Ох, и стремное это дело: такому человеку, как Клетчатый, в глаза пялиться! Смотришь в глаза, а словно в два ствола заглядываешь! Выстрелит? не выстрелит? ну и само собой примечается:

...рулетка.

Стол зеленый. Крутится колесо, господа и дамы делают ставки, стучат фишки, шуршат ассигнации, звякают монеты, подпрыгивает шарик. Азартом дышат лица игроков: черное? красное? куш желанный? кукиш от судьбы? «зеро» мигнет-оскалится? дулом револьверным в висок упрется? Эх, судьба — индейка, а жизнь — копейка! Чужой азарт, чужие страсти. Для дураков.

Умный-то всегда при своих останется...

* * *

«Клетчатый» разом умолк; широкую ладонь себе за шиворот сунул. Взопрел, наверное, от разговора. Или мурашек поймать решил, которые по коже. Зашуршали сверху лозы под ветерком; набежала тучка-штучка на солнце ясное, собой закрыла. И откуда взялась-то, приблуда? Клубится краями, уши выпятила, пасть разинула, свет ясный клыками перемалывает.

Не тучка, пудель черный.

Пошли тени по земле гулять, друг с дружкой перешептываться.

Повернулся Ознобишин, Петр Валерьяныч, к Тузихе параличной:

— Кали мера, тетушка Деметра!

Закаменел Федор. И не оттого, что детский доктор со старухой по-гречески поздоровался. Оттого, что голос он украл, Валерьяныч-пройдоха; так вот прямо взял и украл.

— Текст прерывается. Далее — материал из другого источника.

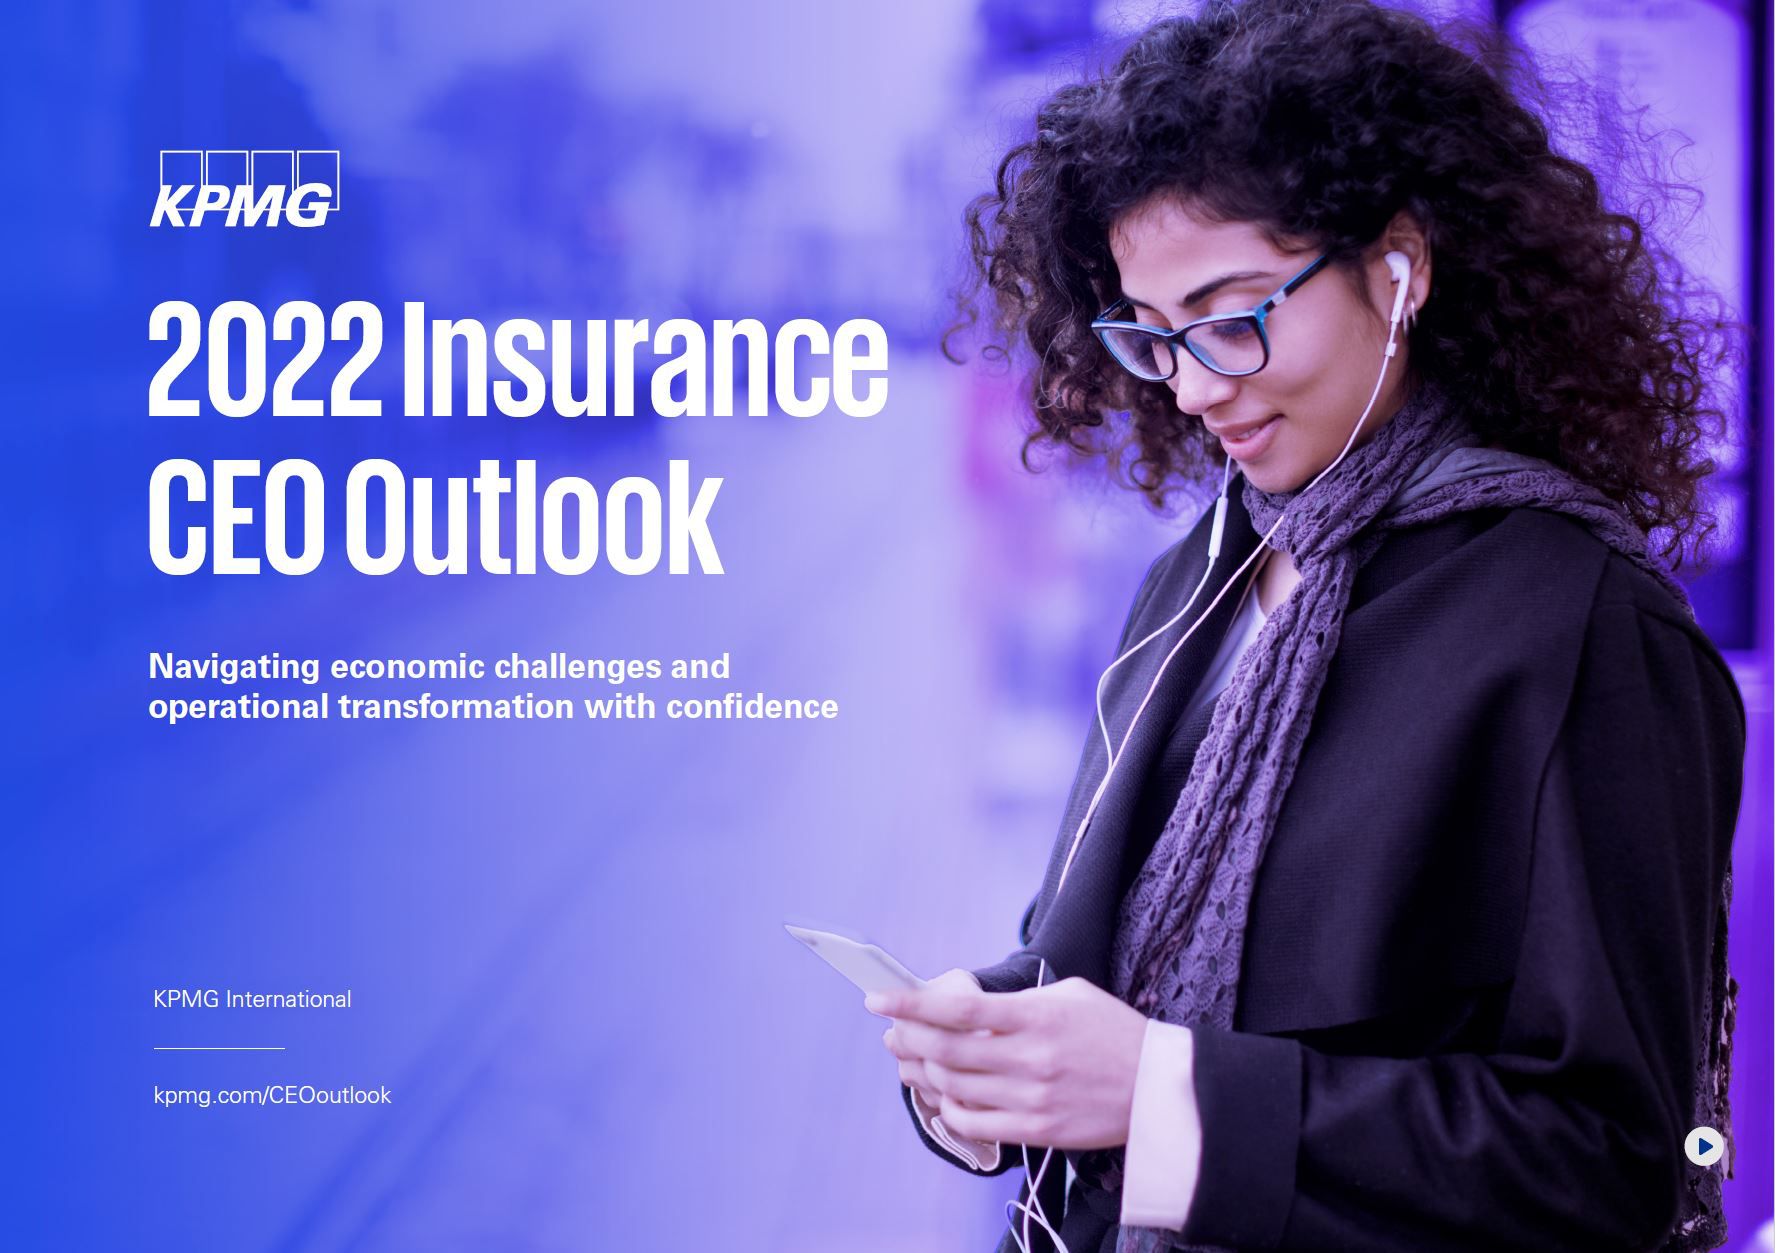 KPMG 2022 Insurance CEO Outlook
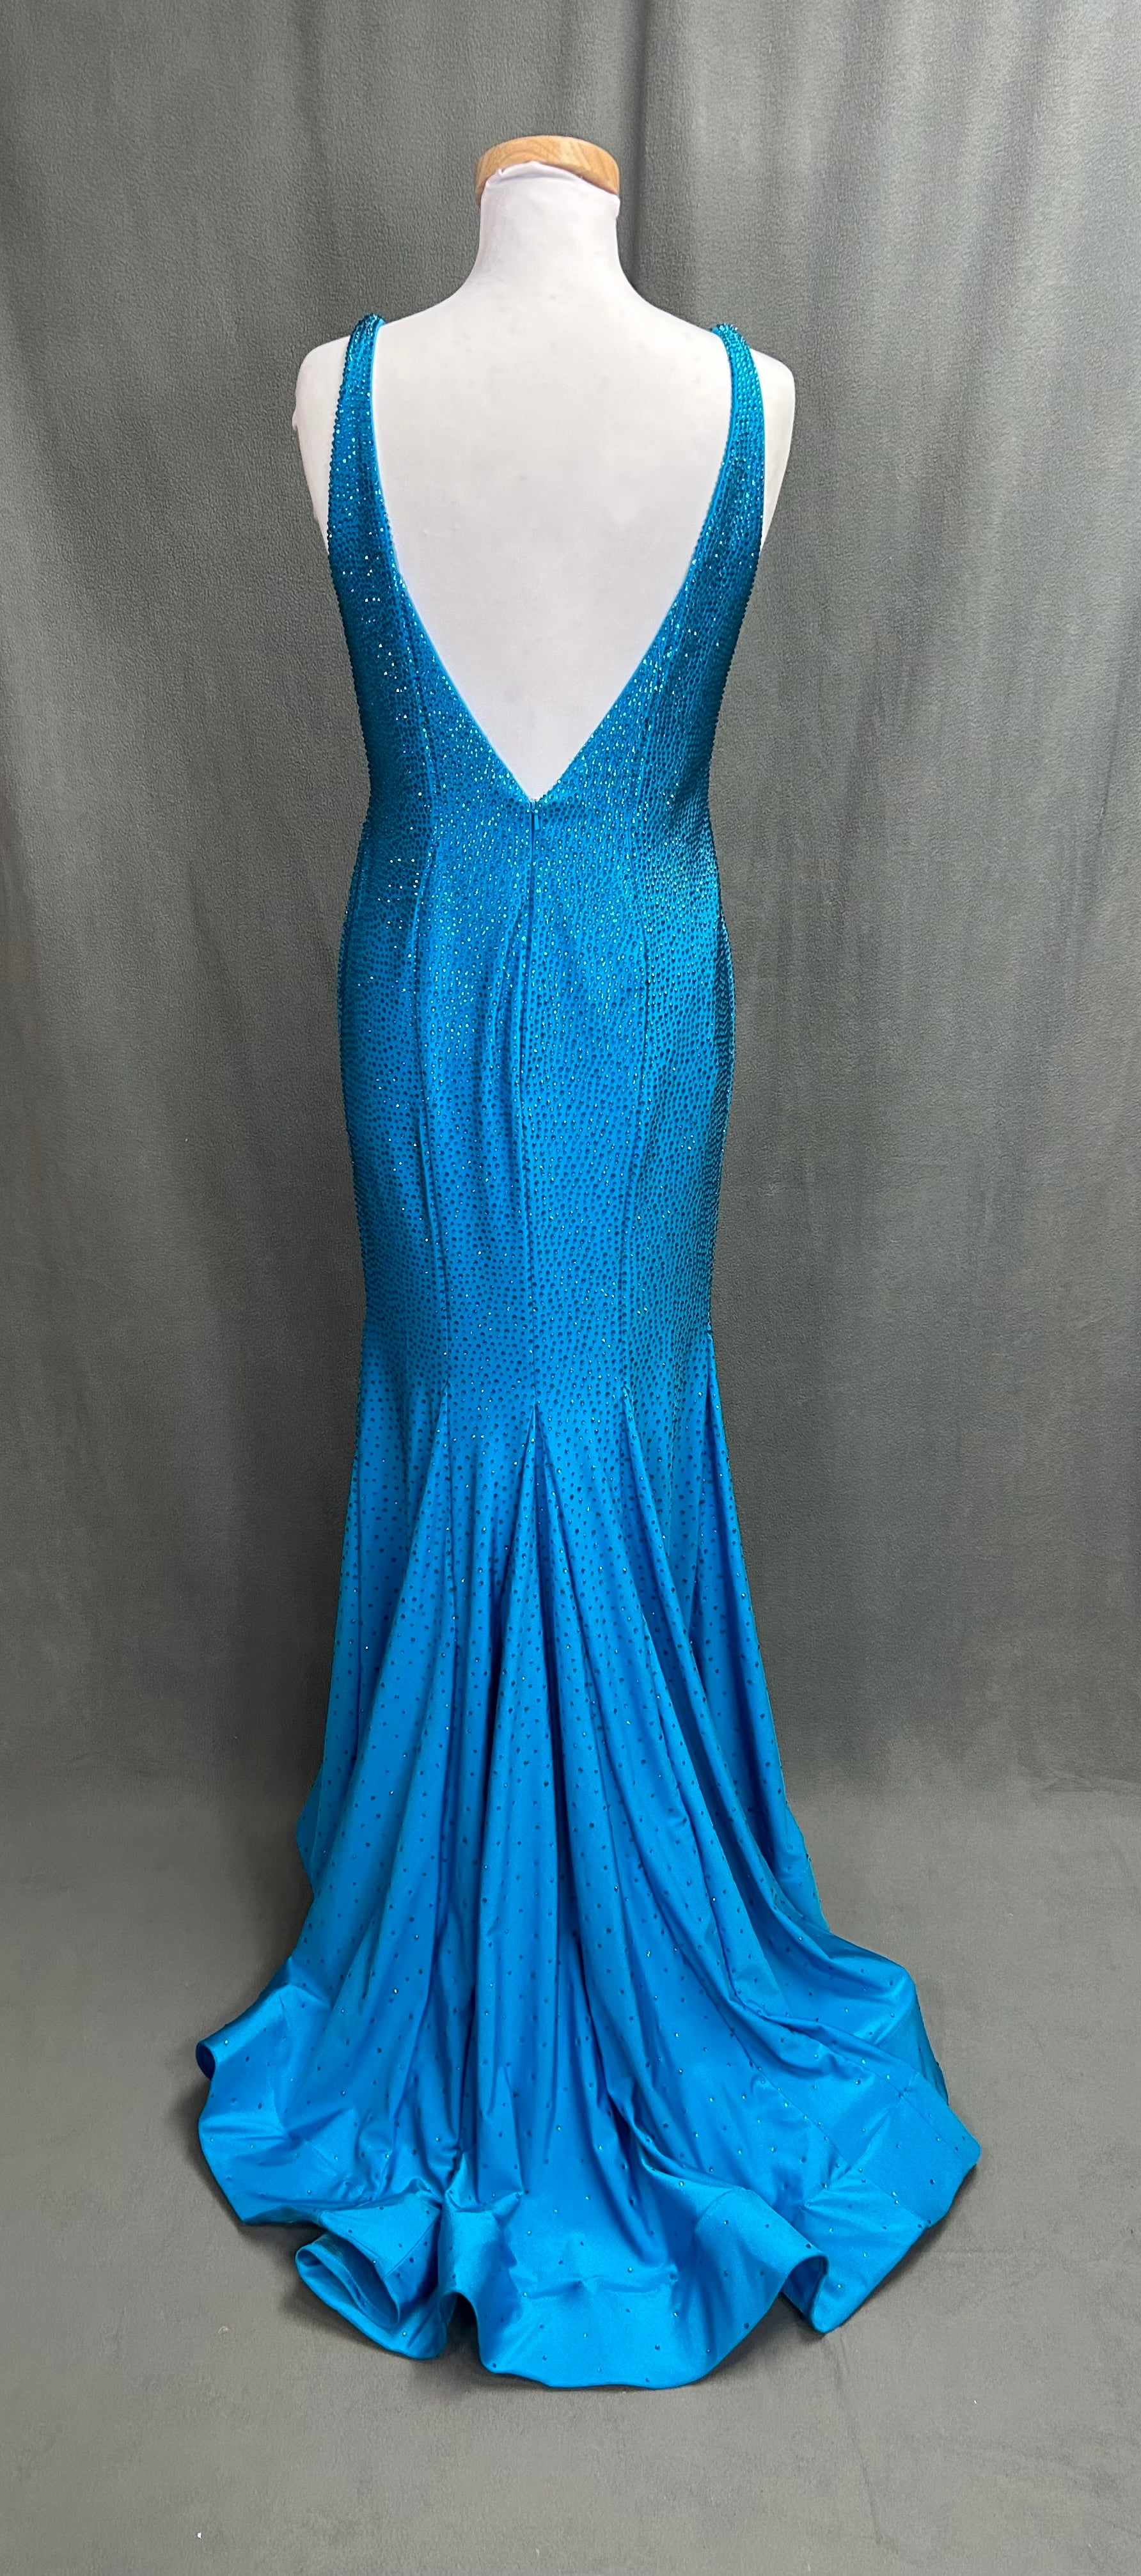 Sherri Hill blue dress, size 10

Гоже ли красть у покойницы?!

Помнил парень — на берегу у мостков, где с рыбаками драка учинилась, тем же голосом гречанка сказывала:

— Идемте. Туз вас ждет. Я встретить вышла...

И вот на тебе!

Тузиха и раньше-то белая была, а теперь синяя сделалась. Жилы на лбу веревками. Желваки на скулах — галькой. Куда и паралич девался! — приподнялась в кресле:

— Елена!

Детский доктор ей пальцем погрозил: молчи! Спугнешь, дескать. И снова побежал круги наворачивать. Не гроб — муха пойманная, не Валерьяныч — паук-крестовик, мотает петли на добычу, в кокон пеленает.

Остановился.

Тросточкой по краю гроба хлестнул: наотмашь.

Акулькины пальцы в Федькин локоть вцепились — не отдерешь. Федор и сам бы рад за кого придержаться: ведь бездна под ногами! И во дворе они стоят, и не во дворе — над обрывом висьмя висят. Всей честной компанией. Дух захватывает. «Клетчатые» за пазухой шарят, ищут, в кого б стрельнуть; а стрелять-то и не в кого. Разве что в гречанку-покойницу.

Вон она, живая-здоровая, по тропке идет.

Травки ни свет ни заря собирает.

Тряхнуло мир, от подножия до верхушечки. Снова двор, снова гроб, да на столе у гроба, вместо ерунды разбросанной, скалы топорщатся. Ма-ахонькие, все скалы в ладошку собрать можно. Были ракушки, стали скалы. Были лозы, стали волны внизу. Был песок-земля, песком-землей и остался. А по тропке вдоль радужного хребта ближней раковины — муха ползет.

Гречанка Елена; живая.

Ротмистра давешнего Федор вспомнил. Понял, как люди ума лишаются.

На всю жизнь понял.

Хотел было назад попятиться: не вышло. Ноги где стояли, там прикипели — отодрать бы, да вряд ли. Только и увидел, как упал ниоткуда камешек, ударил муху-Елену. Та брык с раковины, к лозам-волнам скатилась, и лежит кверху лапками. Валерьяныч снова тросточкой хлобысть, хлобысть! — сразу видно, злится добрый доктор. Не заладилось что-то. Налетела туча комаров, звенят, вьются над мухой, клювами щелкают...

Клювами?!

Рвут комары-чайки женское тело. Завтракают. Боятся: вдруг отнимут лакомый кусочек!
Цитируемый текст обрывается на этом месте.